Extracted records:
"""

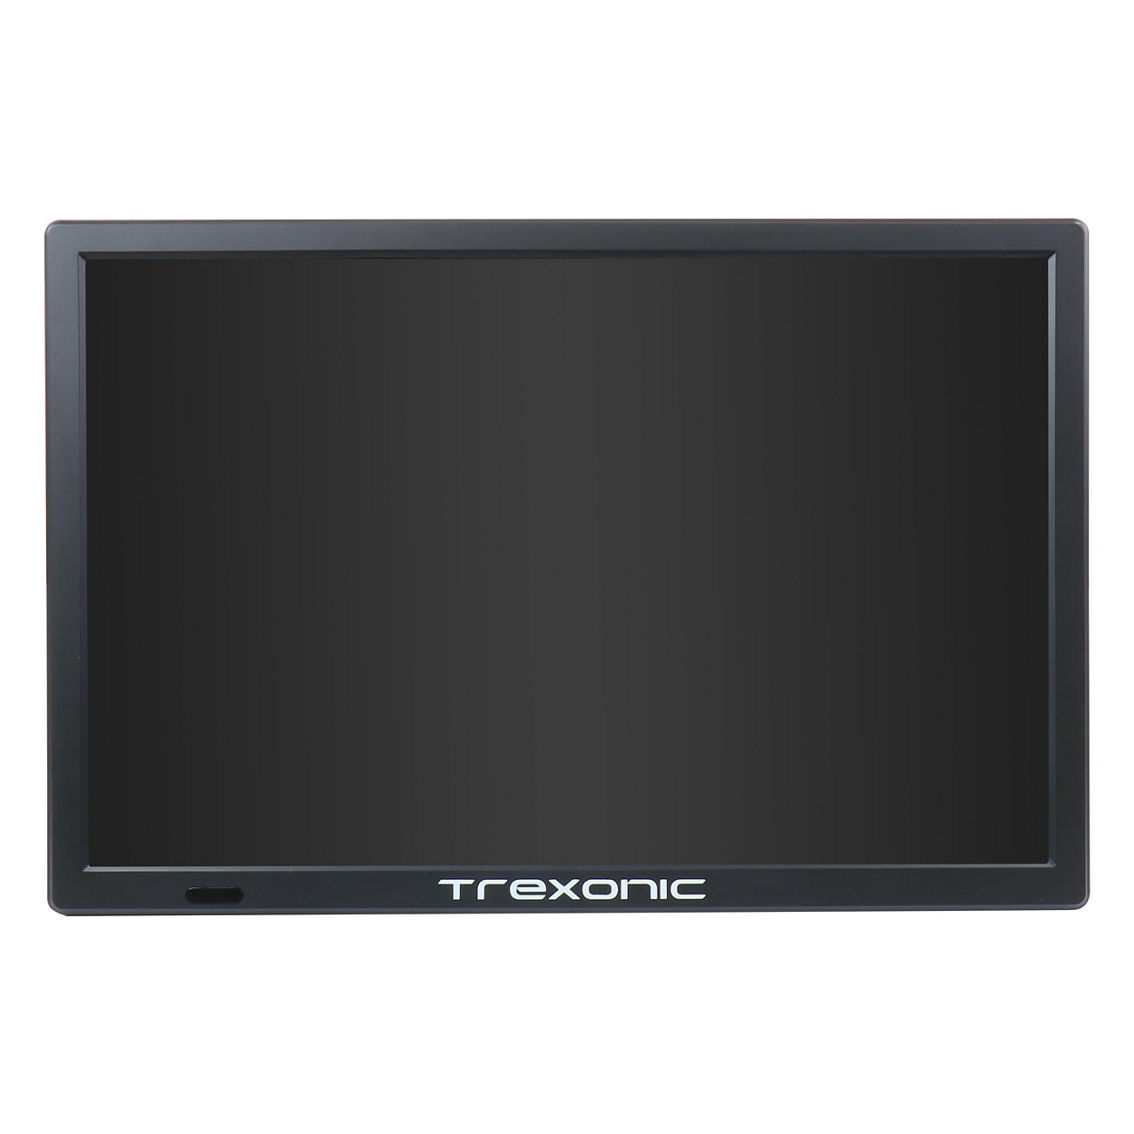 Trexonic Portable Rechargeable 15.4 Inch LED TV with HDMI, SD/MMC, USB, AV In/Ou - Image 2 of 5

"""
"""

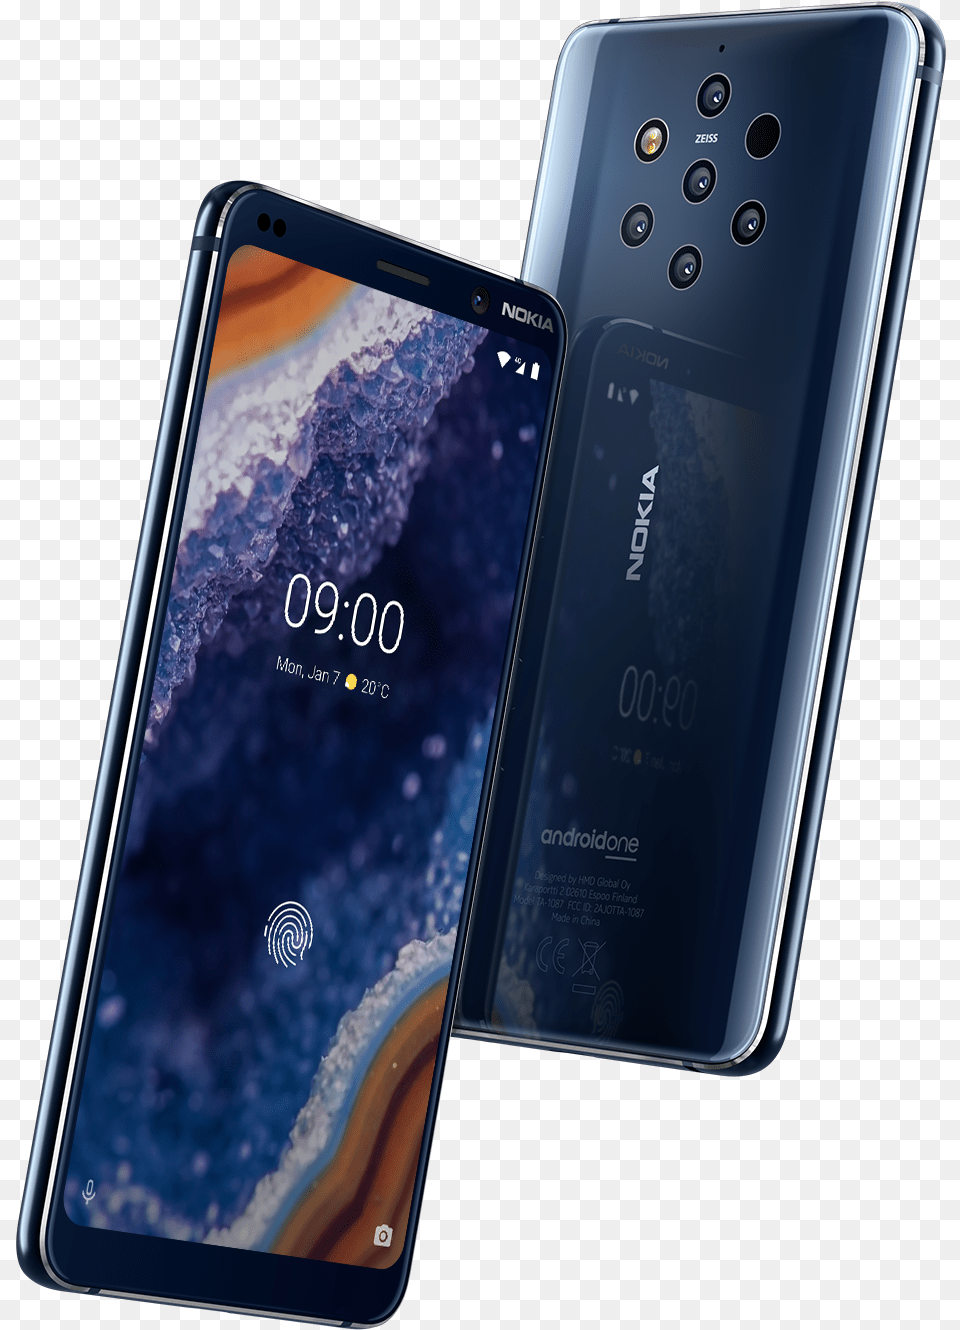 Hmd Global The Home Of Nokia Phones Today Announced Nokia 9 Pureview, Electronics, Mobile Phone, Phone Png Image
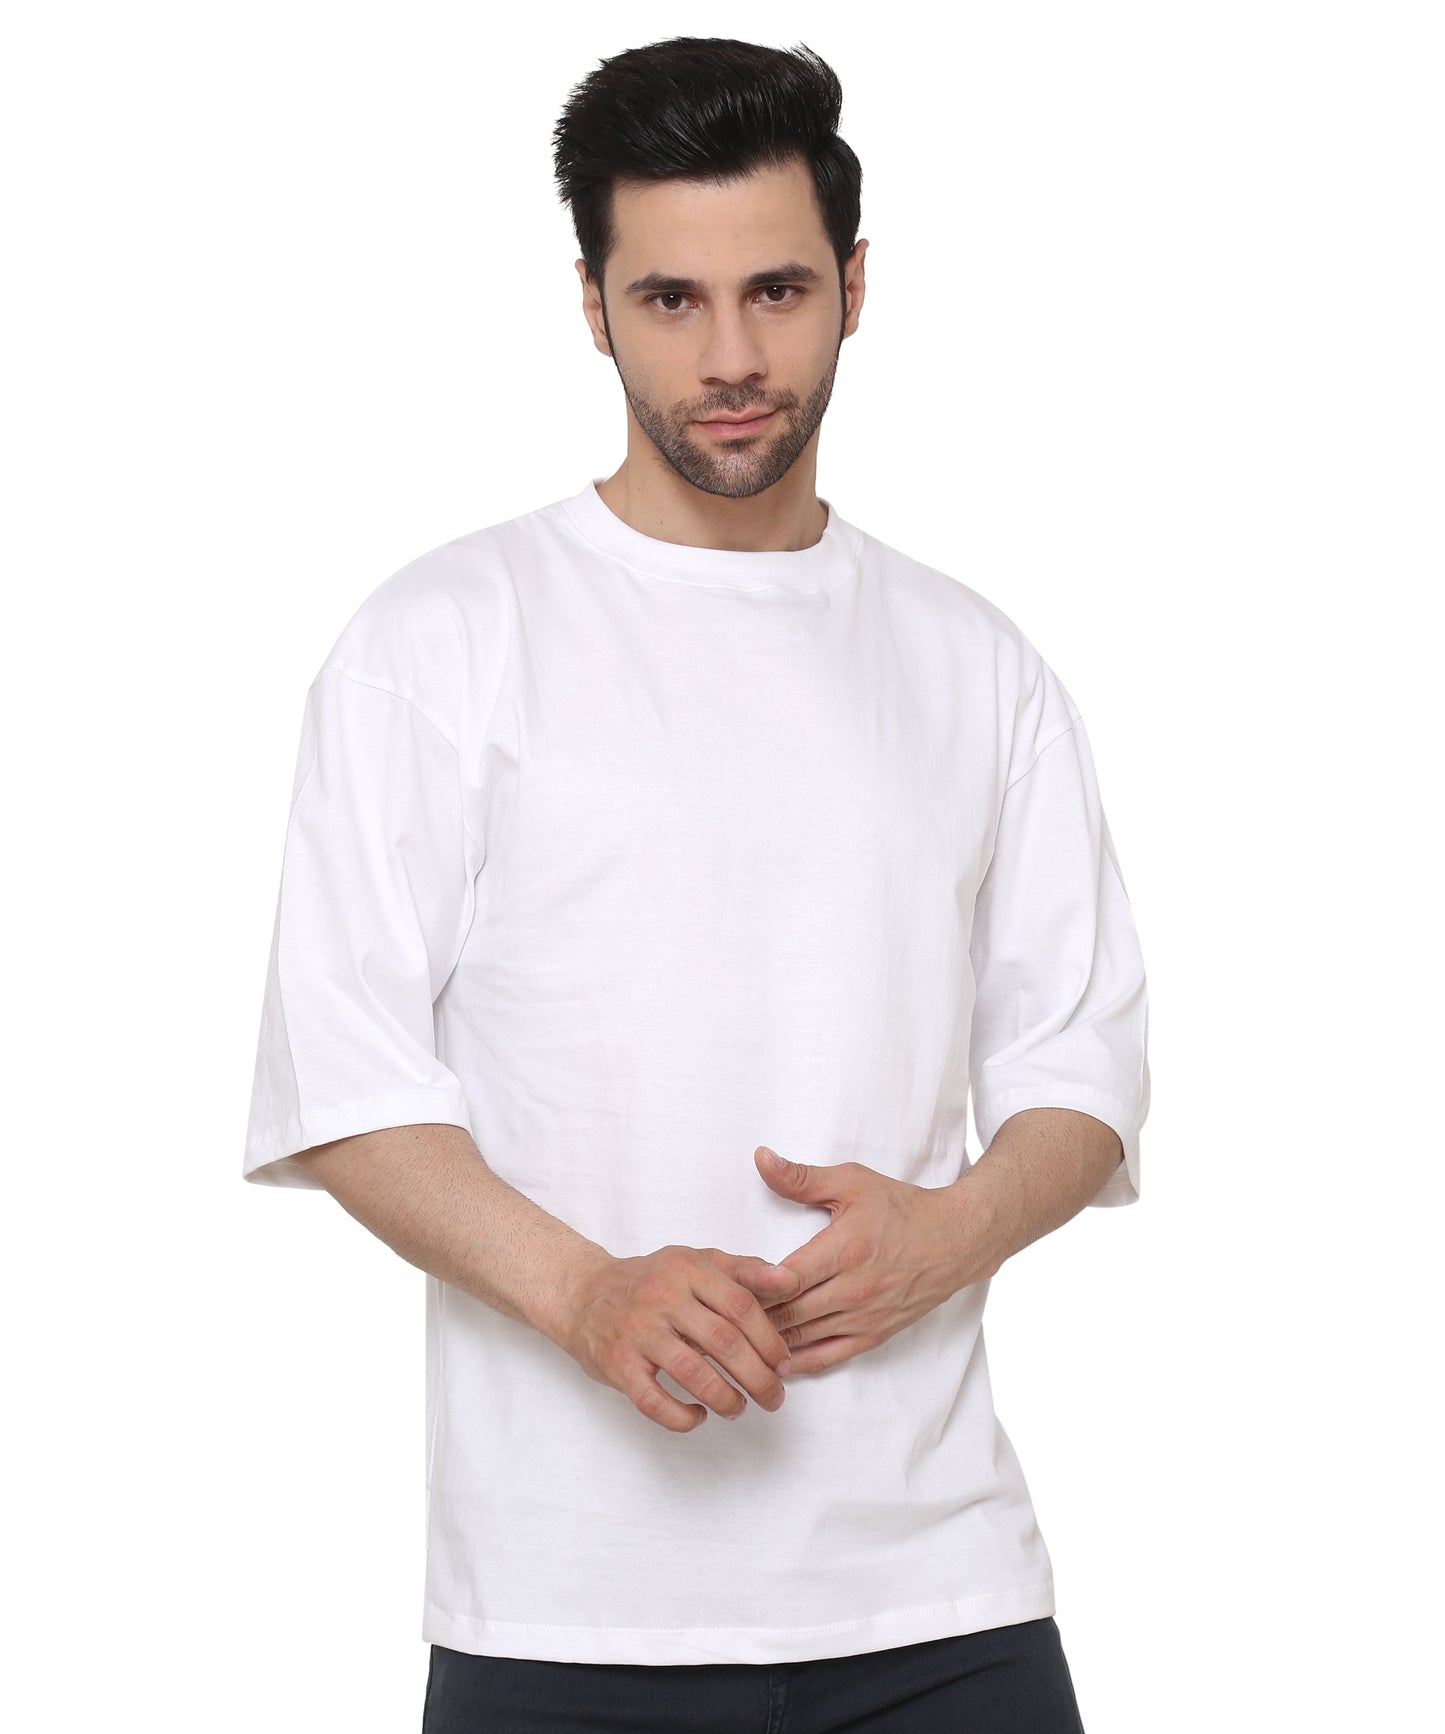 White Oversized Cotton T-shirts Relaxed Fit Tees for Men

"""

Working from the data above, repeat exactly, and only, the lines that begin at the line containing "Hmd Global The" and stop after the line containing "White Oversized Cotton"; pictures are not copied.

Response:
 Hmd Global The Home Of Nokia Phones Today Announced Nokia 9 Pureview, Electronics, Mobile Phone, Phone Png Image
 White Oversized Cotton T-shirts Relaxed Fit Tees for Men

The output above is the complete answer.